By Julius Barigaba | East AFRICAN
With more people increasingly moving into cities in search of employment opportunities and to escape the deepening poverty levels in rural areas, challenges of unprecedented rapid urbanisation have emerged, leaving city planners and leaders fumbling for answers.
According to the United Nation’s 2014 World Urbanisation Prospects, 54 per cent of the world’s population lives in urban areas, and over the next few years, much of the urban growth will take place in countries of the developing world, particularly Africa, which today has the highest rate of urban population growth, at 4.0 per cent per year.
However, this growth comes with more problems than governments can solve—housing, infrastructure, transportation, energy, employment, and basic services like education and healthcare—heaping challenges on the already stretched urban authorities.
Closer to home, East African cities are fast running out of space for expansion, and air pollution, traffic congestion and public transport failures have increased; it is such headaches that the forthcoming Future of Cities Forum (FCF) in Kampala from October 1-3 2014 will be looking to solve.
The FCF is an annual forum that seeks innovative solution to transform cities into more livable and sustainable spaces.
The Kampala chapter of the forum is the first ever in an African city, with the previous three having taken place in 2011 in Delhi, India, Burji Arab Dubai in 2012 and Hamburg, Germany in 2013.
Some 150 mayors, city planners, urban development experts, scientists, donors, private sector representatives and civil society leaders from the world’s cities will converge in the Ugandan capital to discuss key political and service delivery challenges for future urban development, not only on a global scale, but also for the East African region.
Building partnerships
Minister for Kampala Frank Tumwebaze says this is a time for the country gives Uganda an opportunity for Uganda to shelve the tetchy politics of the capital city, which is an opposition stronghold, and focus on building partnerships that have enabled other cities transform, turning politics into better service delivery.
“We want you to know that what Kampala Capital City Authority is striving to do is not just to be a broom of its own, but is pursuing benchmarks globally required of any emerging city…In Kampala, we have tonnes of garbage, which is a burden not only to the environment but also habitats of Kampala and we want to see how it can be turned into something useful,” Mr Tumwebaze told journalists in Kampala last week.
Yet, even as the minister calls for leaders to ditch their political differences, questions remain as to how the city, whose Mayor Erias Lukwago has been rendered dysfunctional for more than a year following impeachment last year by his council.
The impeachment process however was marred by violence and mischief as supporters of the mayor cited illegality of the special session that Mr Tumwebaze called and chaired.
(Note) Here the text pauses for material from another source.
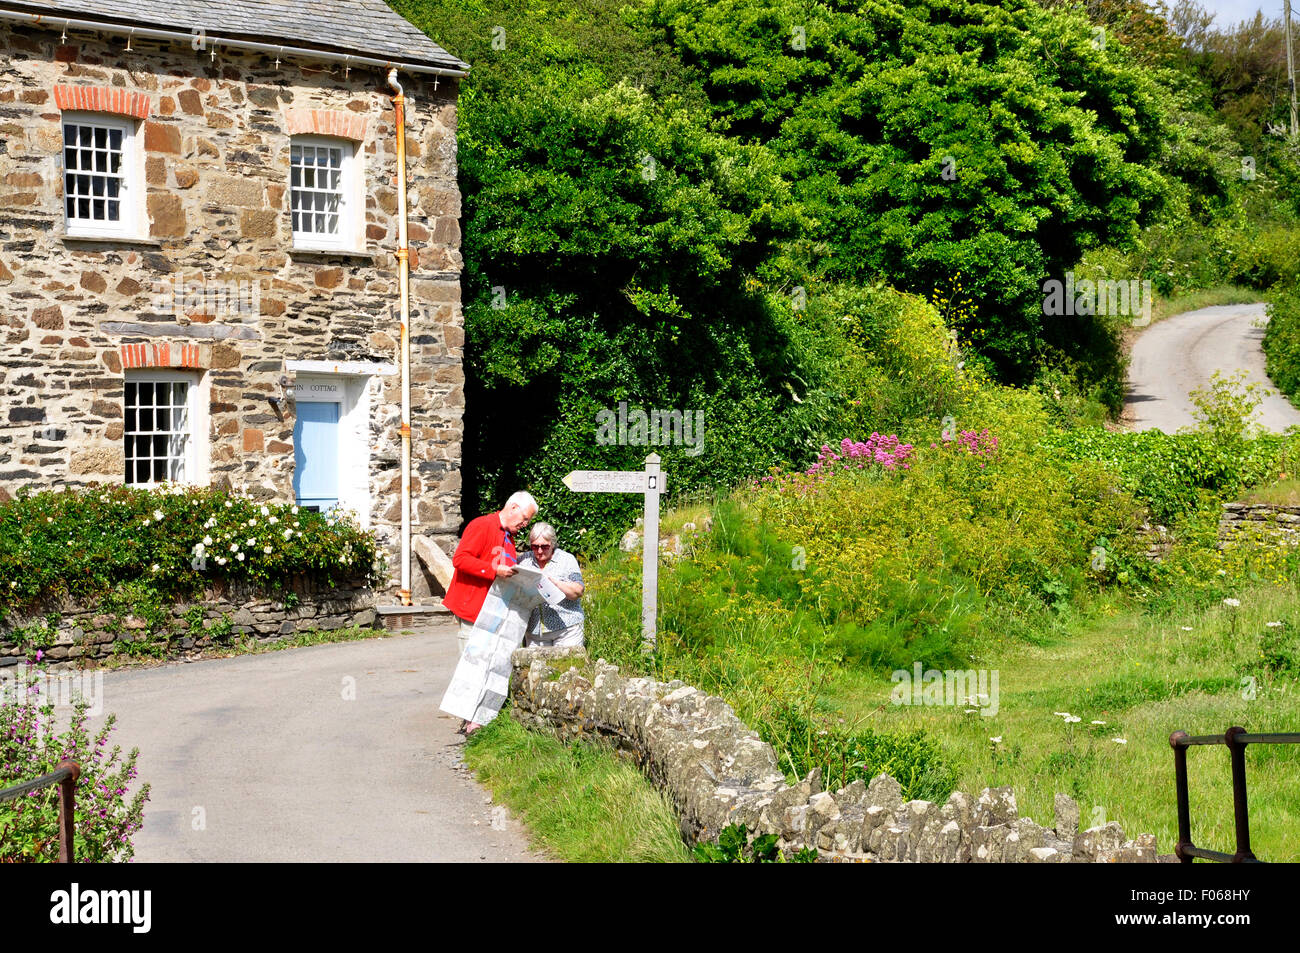 Nième Cornwall - route de campagne sinueuse - post - couple looking at a map - gîte près de par - meadow - mur de pierre - la lumière du soleil Banque D'Images
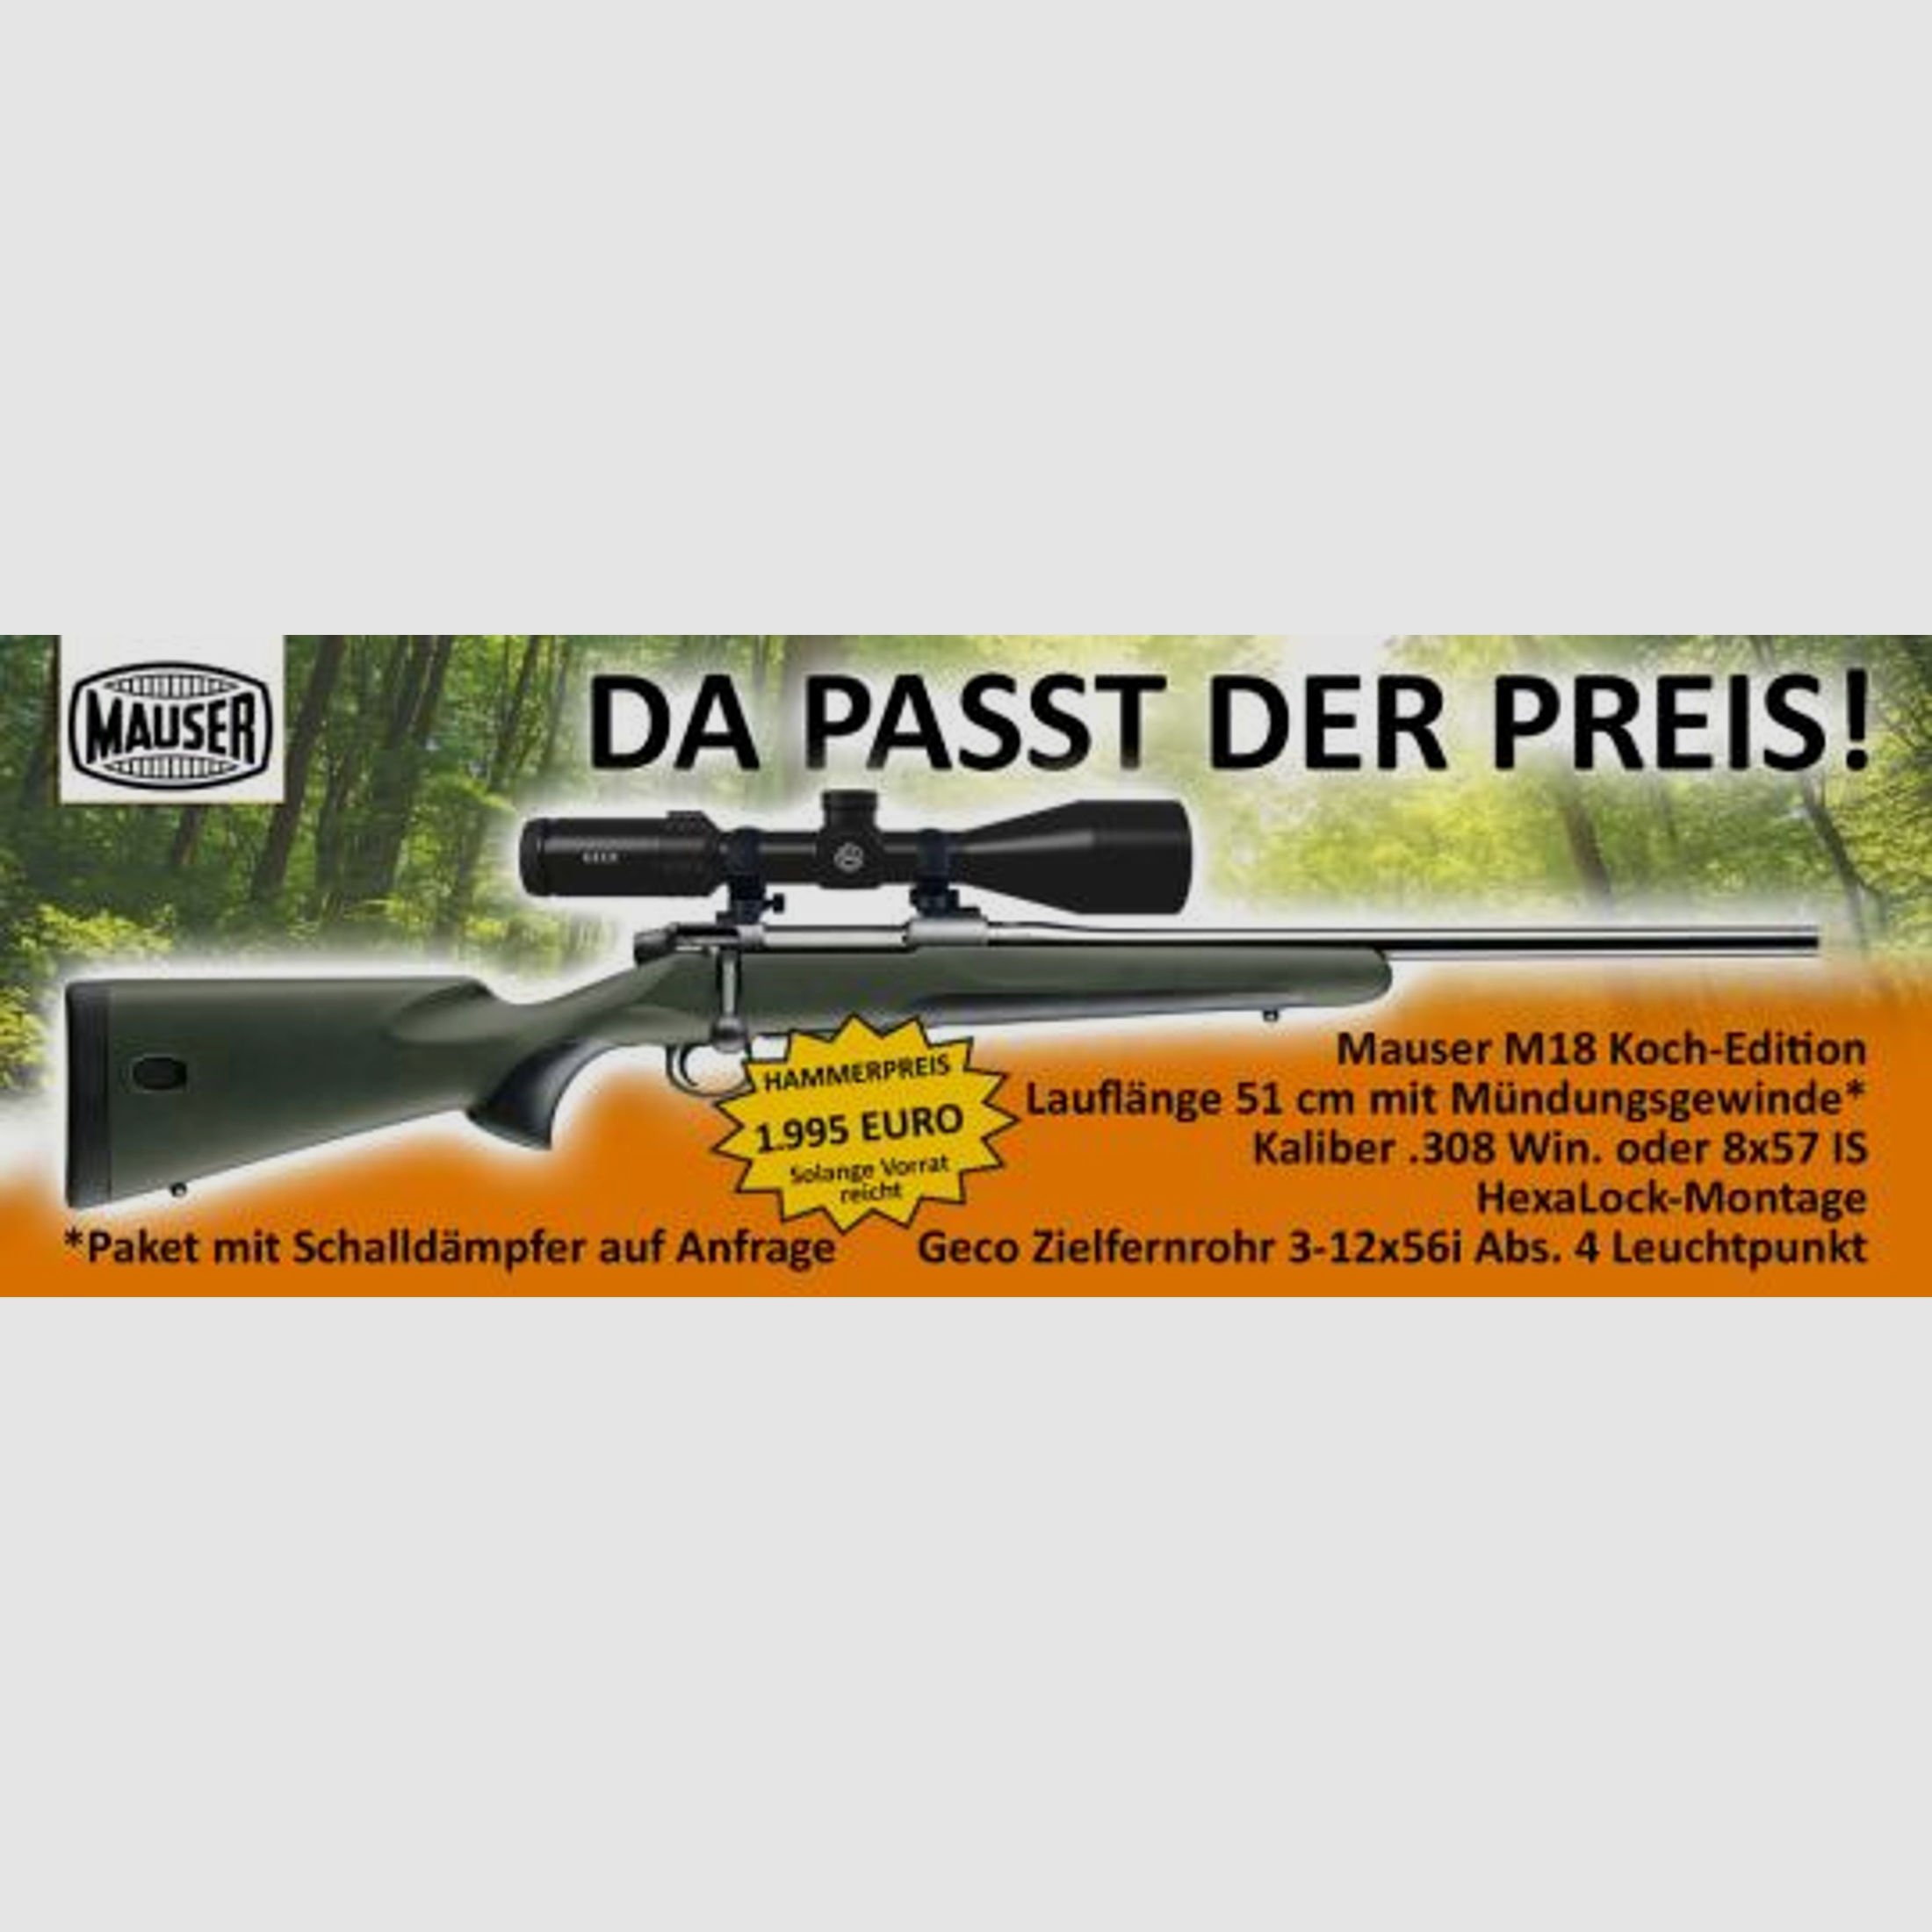 Mauser M18 Koch-Edition in .308 Komplettangebot

The session sat to pass a vote of no confidence in Mr. Lukwago, even as a court order had been issued to halt the process.
Mr. Lukwago went to court to challenge the “illegality”, and momentarily overturned his impeachment, but could not access his chambers which were sealed off by security forces.
Days later, the court of appeal overturned the decision of the lower court that had ruled in the mayor’s favour.
As the court battles go on, Kampala city has no political head, although its technical arm is fully functional.
Yet the city needs a fully functioning political wing to generate policy for the technical arm to execute its mandate to provide water and sanitation, services, address the infrastructure needs and social services for the city’s growing population.